Depuis quelques semaines déjà, Vincent27 cherche à établir le contact. Je n'avais eu que des relations épisodiques avec Vincent26 ; il ne m'avait pas informé de la proximité de son décès, ni de son passage au stade intermédiaire. Entre néo-humains, les phases d'intermédiation sont souvent brèves. Chacun peut à son gré changer d'adresse numérique, et se rendre indétectable ; j'ai pour ma part développé si peu de contacts que je ne l'ai jamais estimé nécessaire. Il m'arrive de rester des semaines entières sans me connecter, ce qui exaspère Marie22, mon interlocutrice la plus assidue. Ainsi que l'admettait déjà Smith, la séparation sujet-objet est déclenchée, au cours des processus cognitifs, par un faisceau convergent d'échecs. Nagel note qu'il en est de même pour la séparation entre sujets (à ceci près que l'échec n'est pas cette fois d'ordre empirique, mais affectif). C'est dans l'échec, et par l'échec, que se constitue le sujet, et le passage des humains aux néo-humains, avec la disparition de tout contact physique qui en fut corrélative, n'a en rien modifié cette donnée ontologique de base. Pas plus que les humains nous ne sommes délivrés du statut
d'indi-
vidu,
et de la sourde déréliction qui l'accompagne ; mais contrairement à eux nous savons que ce statut n'est que la conséquence d'un échec perceptif, l'autre nom du néant, l'absence de la Parole. Pénétrés par la mort et formatés par elle, nous n'avons plus la force d'entrer dans la Présence. La solitude a pu pour certains êtres humains avoir le sens joyeux d'une évasion du groupe ; mais il s'agissait alors chez ces solitaires de quitter son appartenance originelle afin de découvrir d'autres lois, un autre groupe. Aujourd'hui que tout groupe est éteint, toute tribu dispersée, nous nous connaissons isolés mais semblables, et nous avons perdu l'envie de nous unir. Pendant trois jours consécutifs, Marie22 ne m'adressa aucun message ; c'était inhabituel. Après avoir tergiversé, je lui transmis une séquence codante qui conduisait à

la caméra de vidéosurveillance de l'unité Proyecciones XXI, 13 ; elle répondit dans la minute, par le message suivant :

Sous le soleil de l'oiseau mort

Étale infiniment, la plaine ;

II n'y a pas de mort sereine :

Montre-moi un peu de ton corps.

4262164, 51026, 21113247, 6323235. À l'adresse indiquée il n'y avait rien, pas même de message d'échec ; un écran entièrement blanc. Ainsi, elle souhaitait passer en mode non codant. J'hésitai pendant que très lentement, sur l'écran blanc, le message suivant venait se former :

« Comme tu l'as probablement deviné, je suis une intermédiaire. » Les lettres s'effacèrent, un nouveau message apparut : « Je vais mourir demain. »

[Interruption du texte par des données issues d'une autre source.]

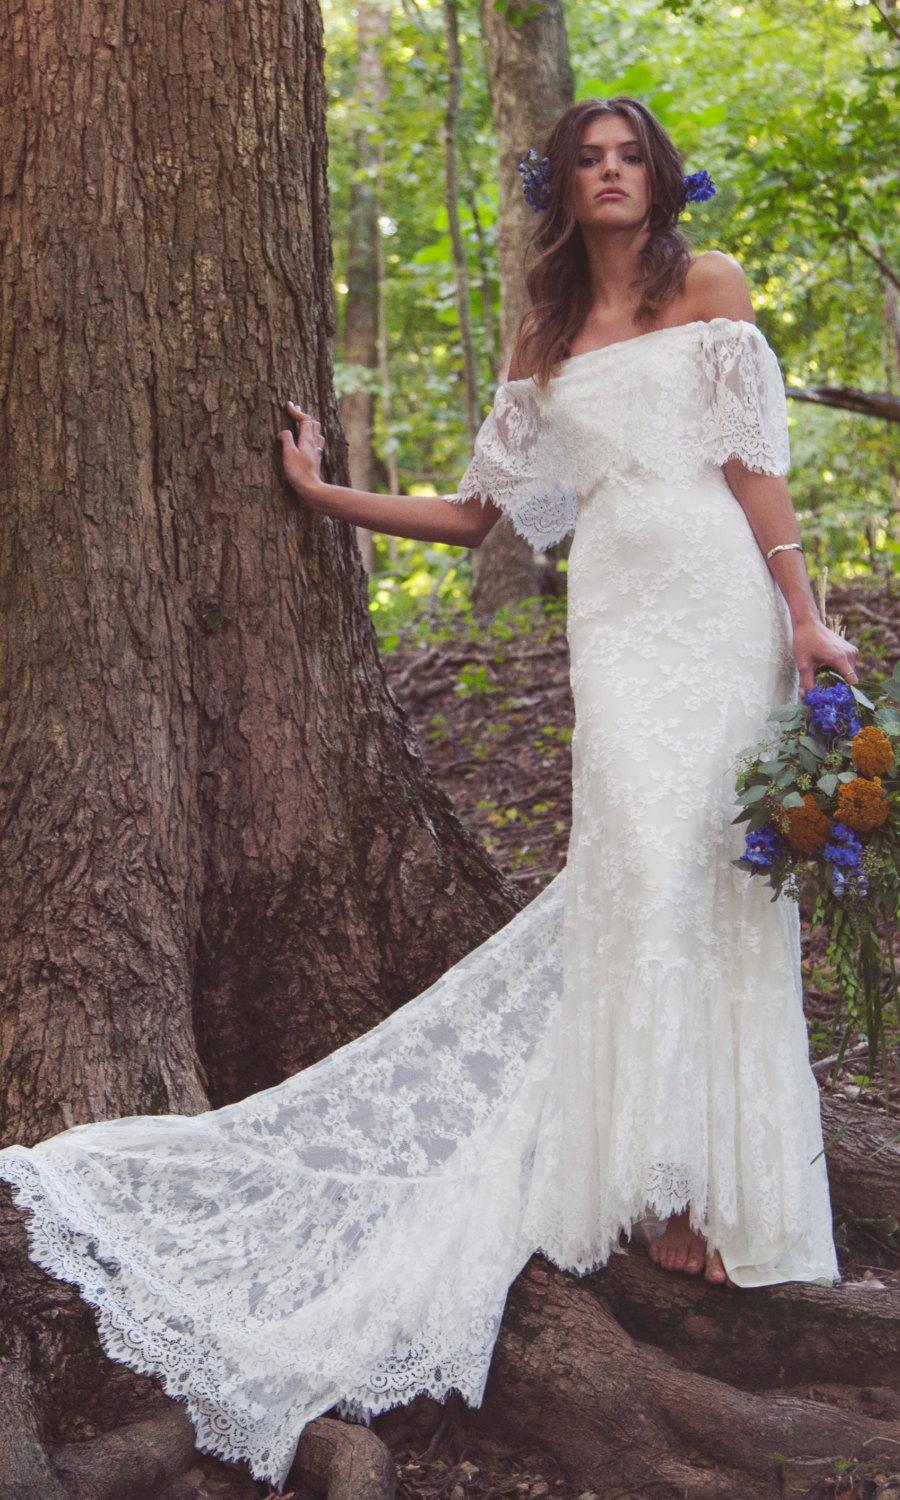 Mariage - Off The Shoulder Wedding Dress, Lace Bridal Gown, Scalloped Lace Wedding Dress, Vintage Inspired Gown - "Laurence"

Avec un soupir je branchai le dispositif vidéo, zoomai sur mon corps dénudé. « Plus bas, s'il te plaît »

écrivit-elle. Je lui proposai de passer en mode vocal. Après une minute, elle me répondit : « Je suis une vieille intermédiaire, toute proche de la fin ; je ne sais pas si ma voix sera bien agréable. Enfin, si tu préfères, oui... »

Je compris alors qu'elle ne souhaiterait me montrer aucune partie de son anatomie ; la dégradation, au stade intermédiaire, est souvent très brusque.

Effectivement, sa voix était presque entièrement synthétique ; il subsistait cependant des intonations néo-humaines, dans les voyelles surtout, d'étranges glissements vers la douceur. J'effectuai un lent panoramique jusqu'à mon ventre. « Plus bas encore...» dit-elle d'une voix presque inaudible. « Montre-moi ton sexe ; s'il te plaît. » J'obéis ; je masturbai mon membre viril, suivant les règles enseignées par la Sœur suprême ; certaines intermédiaires éprouvent sur la fin de leurs jours une nostalgie du membre viril, et aiment à le contempler durant leurs dernières minutes de vie effective ; Marie22 en faisait apparemment partie - cela ne me surprenait pas réellement, compte tenu des échanges que nous avions eus par le passé.

L'espace de trois minutes, il ne se passa rien ; puis je reçus un dernier message - elle était repassée en mode non vocal : « Merci, Daniel. Je vais maintenant me déconnecter, mettre en ordre les dernières pages de mon commentaire, et me préparer à la fin. Dans quelques jours, Marie23 s'installera entre ces murs. Elle recevra de moi ton adresse IP, et une invitation à garder le contact. Des choses sont advenues, par l'intermédiaire de nos incarnations partielles, dans la période consécutive à la Seconde Diminution ; d'autres choses surviendront, par l'intermédiaire de nos incarnations futures. Notre séparation n'a pas le caractère d'un adieu ; je pressens cela. »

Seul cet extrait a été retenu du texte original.